## [WHAT TO DO]
Could you retype the entries below exactly, omitting every picture?

## [SUPPLIED INFORMATION]
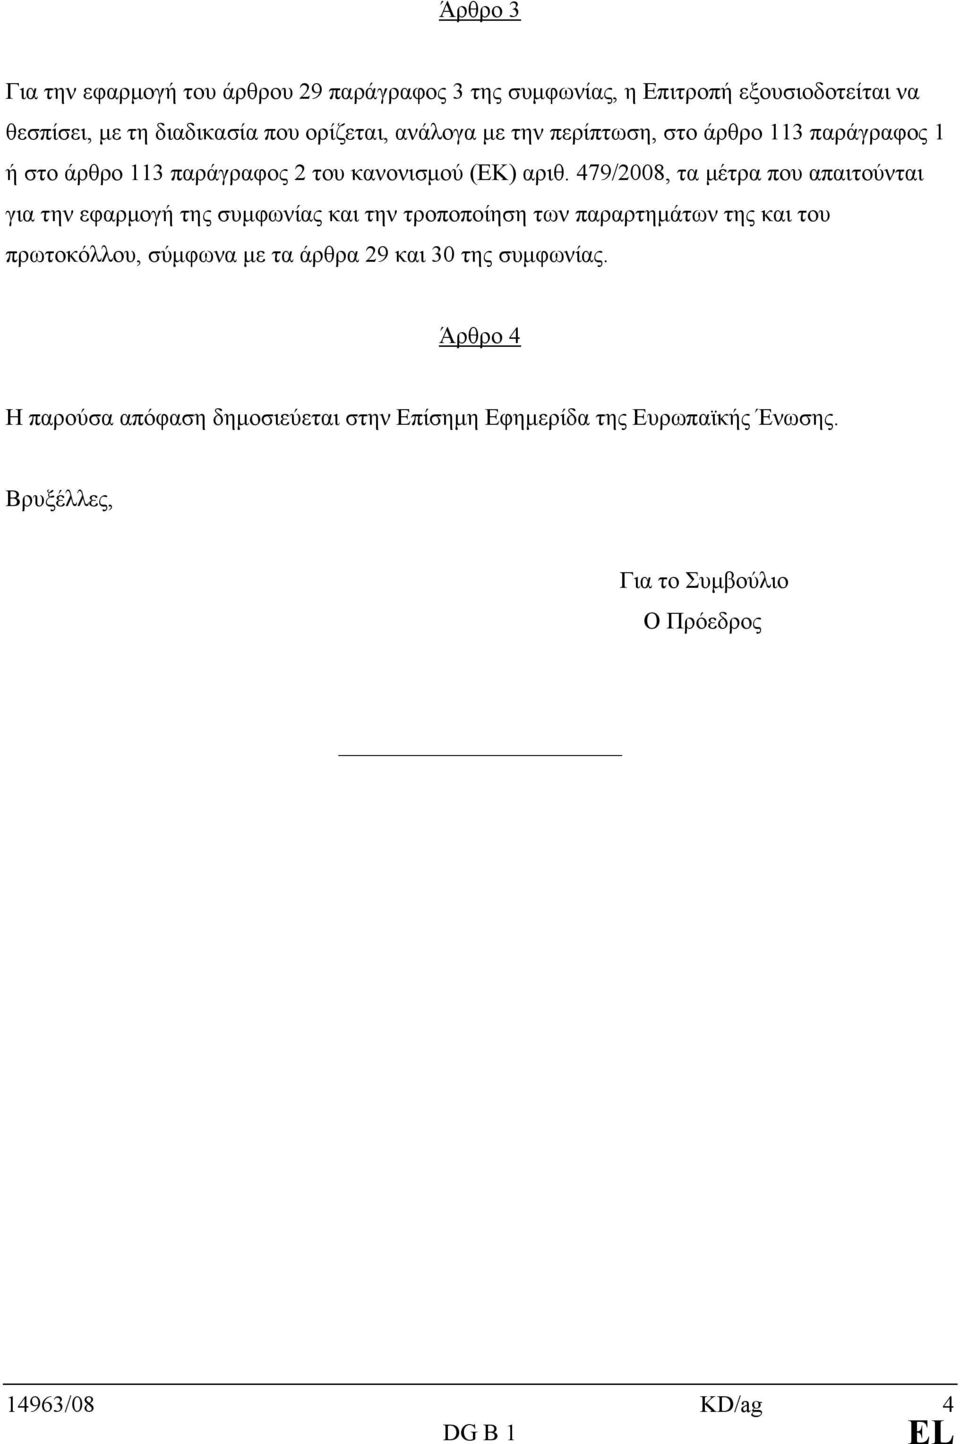 479/2008, τα μέτρα που απαιτούνται για την εφαρμογή της συμφωνίας και την τροποποίηση των παραρτημάτων της και του πρωτοκόλλου, σύμφωνα με τα
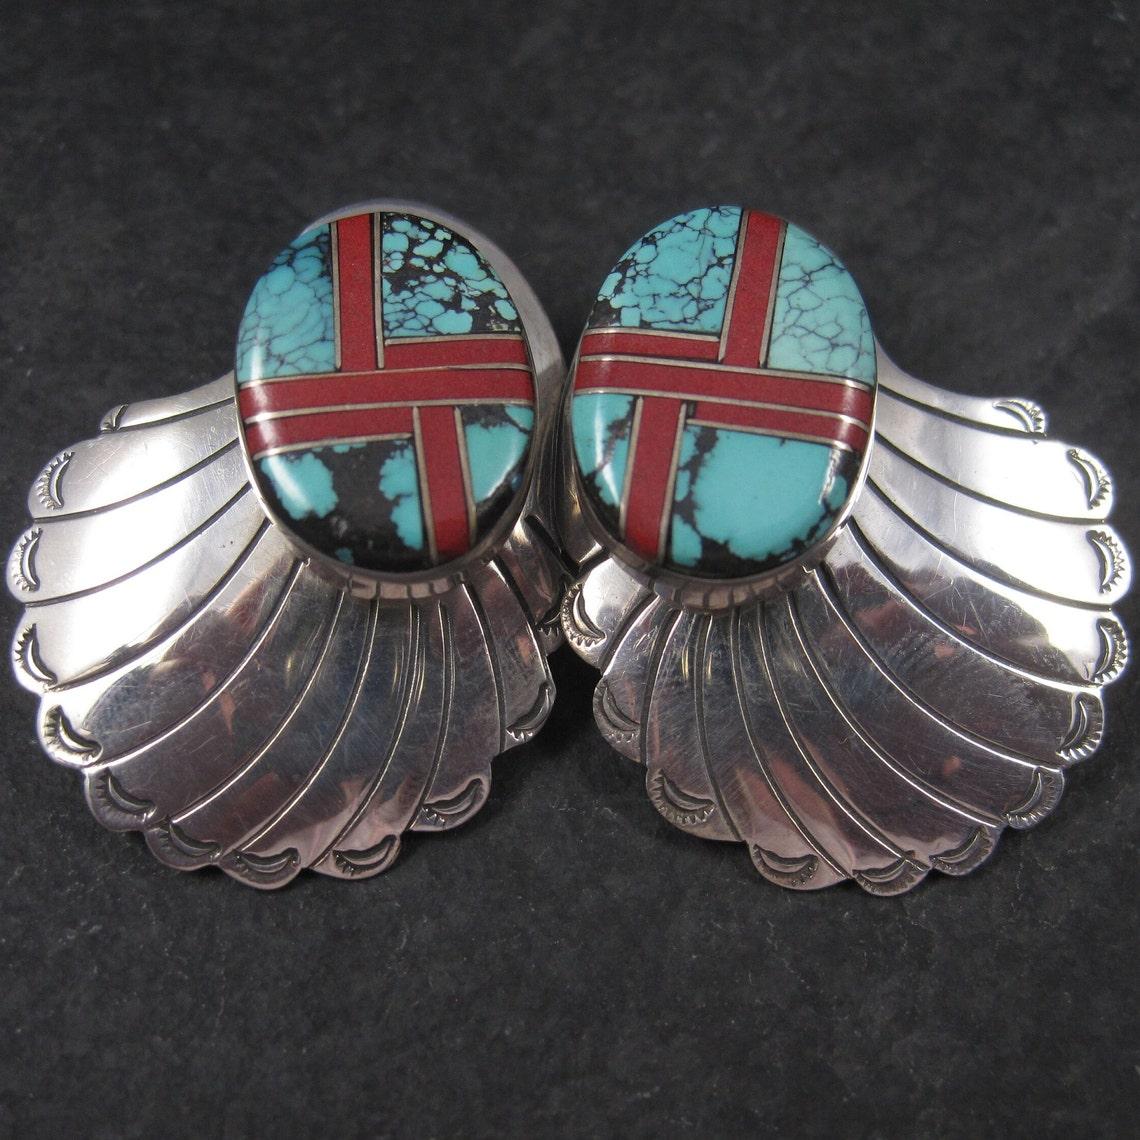 Diese wunderschönen Navajo-Ohrringe im Vintage-Stil sind aus Sterlingsilber.
Sie weisen Einlagen aus Türkis und Koralle auf.

Abmessungen: 1 1/8 x 1 7/16 Zoll.
Gewicht: 17.8 Gramm

Markierungen: Sterling

Zustand: Ausgezeichnet

## [COMPLETED TASK]
 479/2008, τα μέτρα που απαιτούνται για την εφαρμογή της συμφωνίας και την τροποποίηση των παραρτημάτων της και του πρωτοκόλλου, σύμφωνα με τα
 Diese wunderschönen Navajo-Ohrringe im Vintage-Stil sind aus Sterlingsilber.
Sie weisen Einlagen aus Türkis und Koralle auf.

Abmessungen: 1 1/8 x 1 7/16 Zoll.
Gewicht: 17.8 Gramm

Markierungen: Sterling

Zustand: Ausgezeichnet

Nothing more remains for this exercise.